◆ Extracted information
--------------------

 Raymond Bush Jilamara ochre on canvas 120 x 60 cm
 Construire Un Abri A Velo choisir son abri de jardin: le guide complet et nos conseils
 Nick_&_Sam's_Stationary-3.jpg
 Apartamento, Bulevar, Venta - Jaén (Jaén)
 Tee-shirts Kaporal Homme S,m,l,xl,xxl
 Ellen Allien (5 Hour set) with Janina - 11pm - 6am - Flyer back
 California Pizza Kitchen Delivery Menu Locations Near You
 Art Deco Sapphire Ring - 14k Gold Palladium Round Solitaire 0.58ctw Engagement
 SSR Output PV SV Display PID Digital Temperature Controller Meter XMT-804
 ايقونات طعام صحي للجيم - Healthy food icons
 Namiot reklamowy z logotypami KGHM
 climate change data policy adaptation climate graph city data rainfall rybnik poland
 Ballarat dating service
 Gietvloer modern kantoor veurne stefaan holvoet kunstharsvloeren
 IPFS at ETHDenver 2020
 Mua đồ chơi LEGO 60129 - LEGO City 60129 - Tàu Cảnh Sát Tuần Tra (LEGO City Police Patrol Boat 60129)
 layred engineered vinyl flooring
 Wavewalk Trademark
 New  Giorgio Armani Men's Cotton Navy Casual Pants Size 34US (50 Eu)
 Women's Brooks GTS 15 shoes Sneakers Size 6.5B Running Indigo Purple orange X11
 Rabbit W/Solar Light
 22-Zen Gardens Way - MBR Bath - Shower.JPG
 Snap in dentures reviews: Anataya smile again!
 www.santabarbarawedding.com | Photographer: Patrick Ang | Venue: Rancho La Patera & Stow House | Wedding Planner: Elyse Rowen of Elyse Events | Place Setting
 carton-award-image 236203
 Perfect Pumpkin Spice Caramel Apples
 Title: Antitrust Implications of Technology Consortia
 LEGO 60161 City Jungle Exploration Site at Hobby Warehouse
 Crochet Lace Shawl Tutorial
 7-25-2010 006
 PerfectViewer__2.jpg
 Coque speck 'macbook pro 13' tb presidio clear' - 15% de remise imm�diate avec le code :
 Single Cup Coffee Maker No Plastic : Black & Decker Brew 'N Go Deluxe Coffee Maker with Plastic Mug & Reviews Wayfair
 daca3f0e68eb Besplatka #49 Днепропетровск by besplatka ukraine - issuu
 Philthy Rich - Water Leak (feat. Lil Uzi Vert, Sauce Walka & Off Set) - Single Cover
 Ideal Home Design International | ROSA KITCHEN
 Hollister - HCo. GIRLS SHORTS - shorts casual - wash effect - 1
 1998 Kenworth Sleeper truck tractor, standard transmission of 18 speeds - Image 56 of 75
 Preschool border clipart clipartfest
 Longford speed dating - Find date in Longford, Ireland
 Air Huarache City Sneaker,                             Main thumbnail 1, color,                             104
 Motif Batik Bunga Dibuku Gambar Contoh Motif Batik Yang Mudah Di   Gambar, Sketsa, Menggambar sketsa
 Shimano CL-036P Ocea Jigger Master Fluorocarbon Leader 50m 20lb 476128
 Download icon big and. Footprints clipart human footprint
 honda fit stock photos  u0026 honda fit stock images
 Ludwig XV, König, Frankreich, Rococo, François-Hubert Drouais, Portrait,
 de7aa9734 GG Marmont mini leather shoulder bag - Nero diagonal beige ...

--------------------

◆ Required work
Reprint the entire listing exactly.

◆ Reply to the task
 Raymond Bush Jilamara ochre on canvas 120 x 60 cm
 Construire Un Abri A Velo choisir son abri de jardin: le guide complet et nos conseils
 Nick_&_Sam's_Stationary-3.jpg
 Apartamento, Bulevar, Venta - Jaén (Jaén)
 Tee-shirts Kaporal Homme S,m,l,xl,xxl
 Ellen Allien (5 Hour set) with Janina - 11pm - 6am - Flyer back
 California Pizza Kitchen Delivery Menu Locations Near You
 Art Deco Sapphire Ring - 14k Gold Palladium Round Solitaire 0.58ctw Engagement
 SSR Output PV SV Display PID Digital Temperature Controller Meter XMT-804
 ايقونات طعام صحي للجيم - Healthy food icons
 Namiot reklamowy z logotypami KGHM
 climate change data policy adaptation climate graph city data rainfall rybnik poland
 Ballarat dating service
 Gietvloer modern kantoor veurne stefaan holvoet kunstharsvloeren
 IPFS at ETHDenver 2020
 Mua đồ chơi LEGO 60129 - LEGO City 60129 - Tàu Cảnh Sát Tuần Tra (LEGO City Police Patrol Boat 60129)
 layred engineered vinyl flooring
 Wavewalk Trademark
 New  Giorgio Armani Men's Cotton Navy Casual Pants Size 34US (50 Eu)
 Women's Brooks GTS 15 shoes Sneakers Size 6.5B Running Indigo Purple orange X11
 Rabbit W/Solar Light
 22-Zen Gardens Way - MBR Bath - Shower.JPG
 Snap in dentures reviews: Anataya smile again!
 www.santabarbarawedding.com | Photographer: Patrick Ang | Venue: Rancho La Patera & Stow House | Wedding Planner: Elyse Rowen of Elyse Events | Place Setting
 carton-award-image 236203
 Perfect Pumpkin Spice Caramel Apples
 Title: Antitrust Implications of Technology Consortia
 LEGO 60161 City Jungle Exploration Site at Hobby Warehouse
 Crochet Lace Shawl Tutorial
 7-25-2010 006
 PerfectViewer__2.jpg
 Coque speck 'macbook pro 13' tb presidio clear' - 15% de remise imm�diate avec le code :
 Single Cup Coffee Maker No Plastic : Black & Decker Brew 'N Go Deluxe Coffee Maker with Plastic Mug & Reviews Wayfair
 daca3f0e68eb Besplatka #49 Днепропетровск by besplatka ukraine - issuu
 Philthy Rich - Water Leak (feat. Lil Uzi Vert, Sauce Walka & Off Set) - Single Cover
 Ideal Home Design International | ROSA KITCHEN
 Hollister - HCo. GIRLS SHORTS - shorts casual - wash effect - 1
 1998 Kenworth Sleeper truck tractor, standard transmission of 18 speeds - Image 56 of 75
 Preschool border clipart clipartfest
 Longford speed dating - Find date in Longford, Ireland
 Air Huarache City Sneaker,                             Main thumbnail 1, color,                             104
 Motif Batik Bunga Dibuku Gambar Contoh Motif Batik Yang Mudah Di   Gambar, Sketsa, Menggambar sketsa
 Shimano CL-036P Ocea Jigger Master Fluorocarbon Leader 50m 20lb 476128
 Download icon big and. Footprints clipart human footprint
 honda fit stock photos  u0026 honda fit stock images
 Ludwig XV, König, Frankreich, Rococo, François-Hubert Drouais, Portrait,
 de7aa9734 GG Marmont mini leather shoulder bag - Nero diagonal beige ...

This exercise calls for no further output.